Он ответил утвердительно и даже спросил, зачем ему еще кто-то? То ли жалкий вид Курца так на меня влиял, то ли обстановка его дома, но я в этот момент стал особенно прямолинейным и даже грубоватым, о чем пожалел через некоторое время. Сказал ему, что неплохо было бы нанять домоуправителя. Ответ меня немного ошарашил:
– Зачем, Уинслоу умер…
– Кто?
– Наш старый управитель.
Тон его был чрезвычайно мягок. Чувство жалости во мне все усиливалось. Но я вспомнил, что у моего визита была четкая цель, и сосредоточился на ней. Когда мы взбирались на второй этаж, лестница подо мной грозила обрушиться в любой момент. Я задыхался от затхлости воздуха. Через некоторое время мы дошли до комнаты, которая служила обиталищем Витольда Курца. Я был готов к худшему.
Во время разговора с хозяином дома в его комнате я подмечал все детали постепенно, но опишу тебе, мой читатель, все сразу: так у тебя появится полное, а не обрывистое впечатление. Стоит сказать, что во всем доме эта комната была самой поражающей и самой чистой. Все здесь было в порядке касательно чистоты. Убранство помещения составляли кровать, письменный стол и шкаф, заполненный книгами – всё сорокалетней давности. Так же был мольберт с большим количеством красок. Вот, что за пятна на сюртуке! У стены был камин, над которым висел рисунок молодой девушки в полный рост. Светловолосая красавица с нежно-розовой кожей в синем платье и васильковым венком на голове, добрым взглядом взирала с картины. Девушке на вид было от шестнадцати до восемнадцати лет. Я сразу догадался, кто был автором картины (иначе и быть не могло). Наибольший интерес представляли окна – все стекла были замазаны краской, на них был нарисован чудесный пейзаж. Оглядывая предметы быта, я пришел к выводу, что они больше подходят для юноши, а не для старика.

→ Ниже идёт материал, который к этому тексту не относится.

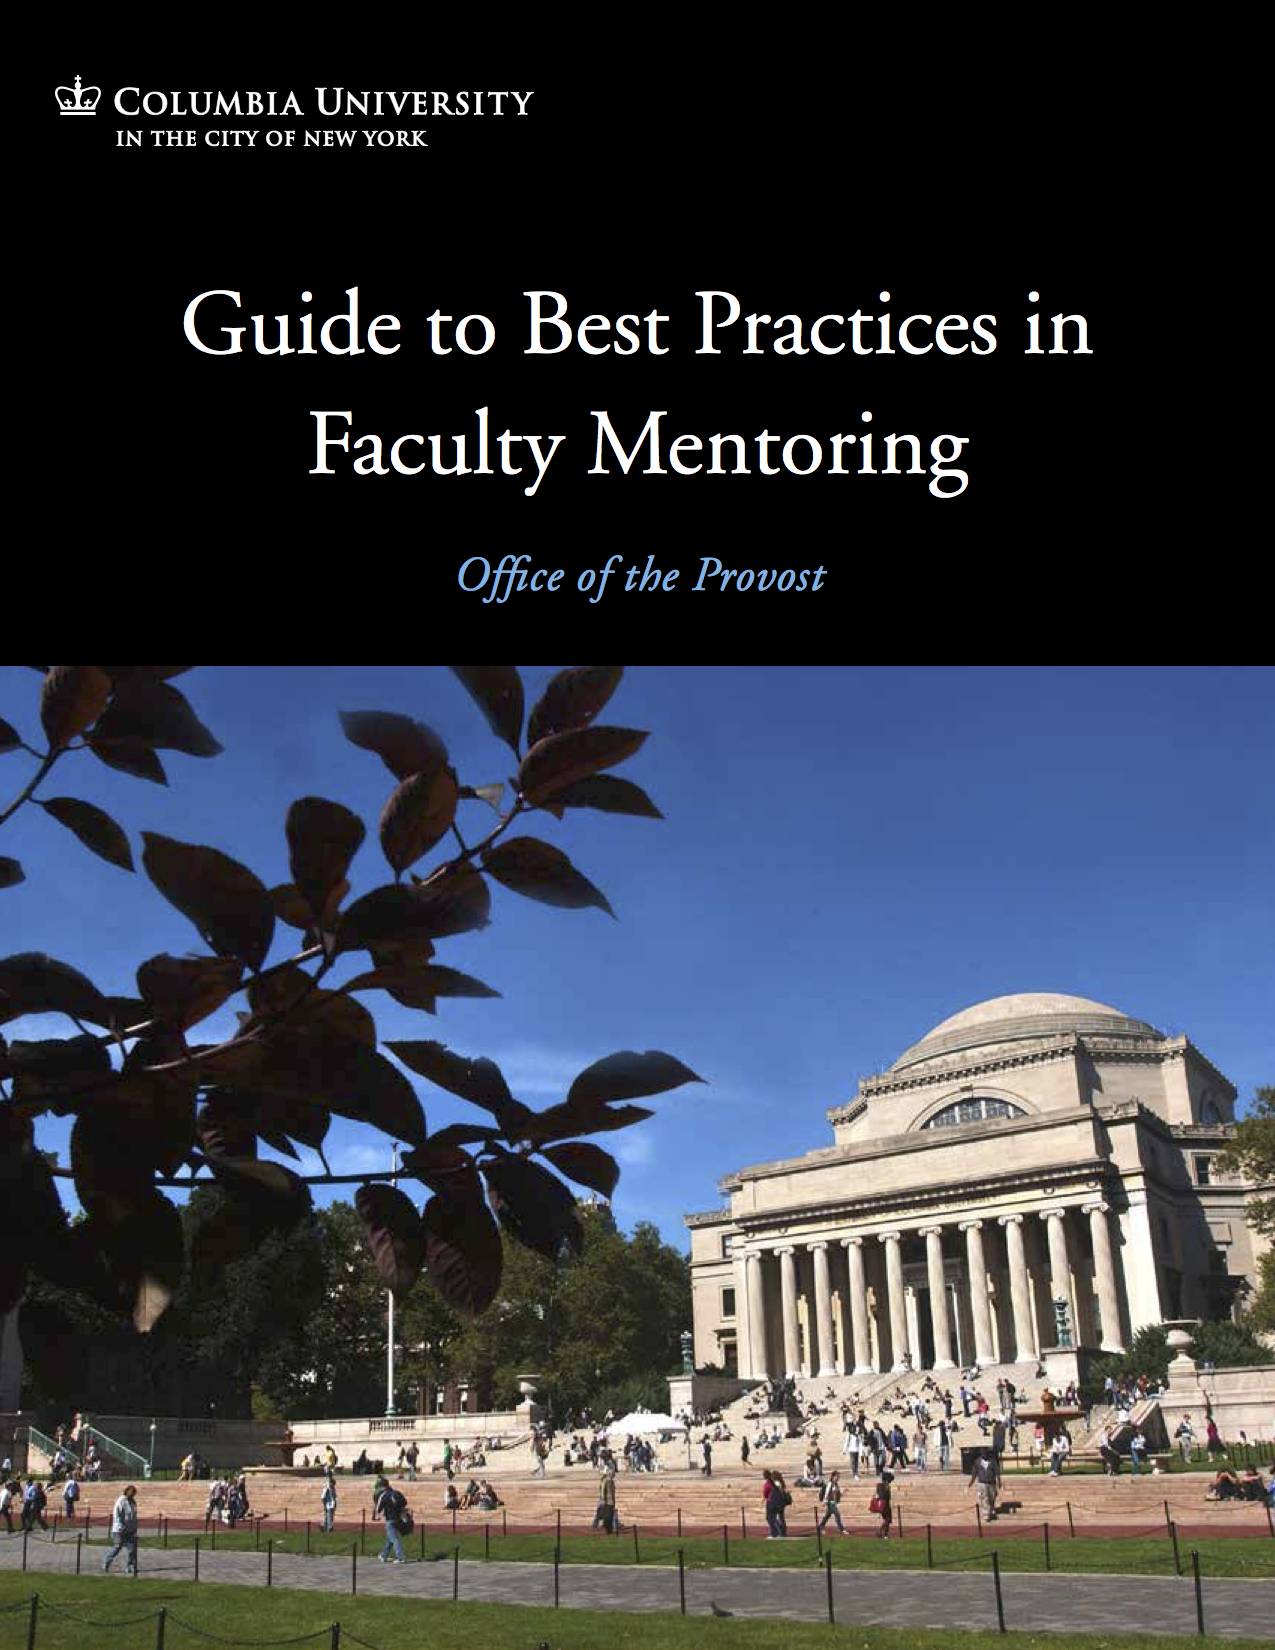 Photo of Low Library with leaves in foreground. Text: Guide to Best Practices in Faculty Mentoring

Курц тем временем сел за стол, а мне предложил сесть на кровать. Сразу перешли к делу. Я спросил его, почему он запрещает стройку в этом месте, она же принесет ему большие деньги.
– Это личное, – отвечал Витольд немного раздосадованным голосом, – не разрешаю и точка!
– Так если не мы, – протестовал я, – тогда другая кампания, да и все.
– Тогда, – он потускнел, – тогда это будет уже не моя вина…
– Боги! Вы о чем? – не выдержал я.
– Это личное.
И снова этот ответ. В нем скрылась от меня загадка. Мое любопытство подтолкнуло меня к тому, чтобы начать её разгадывать. В комнате стало душно, я встал со словами: «Надо бы открыть окно». Старик начал протестовать, но было уже поздно. В открытом окне передо мной предстал тот же пейзаж, что и на стекле, только застроенный домами. Тут я обратил на это внимание, на что Витольд, как будто оправдываясь, ответил:
– Таким я его запомнил и таким хотел бы видеть.
– Но когда это было? – интересовался я, зная, сколько лет существует улица.
– Сорок лет назад. Ровно.
–А это? – тут я указал на девушку над камином, – Ваша дочь?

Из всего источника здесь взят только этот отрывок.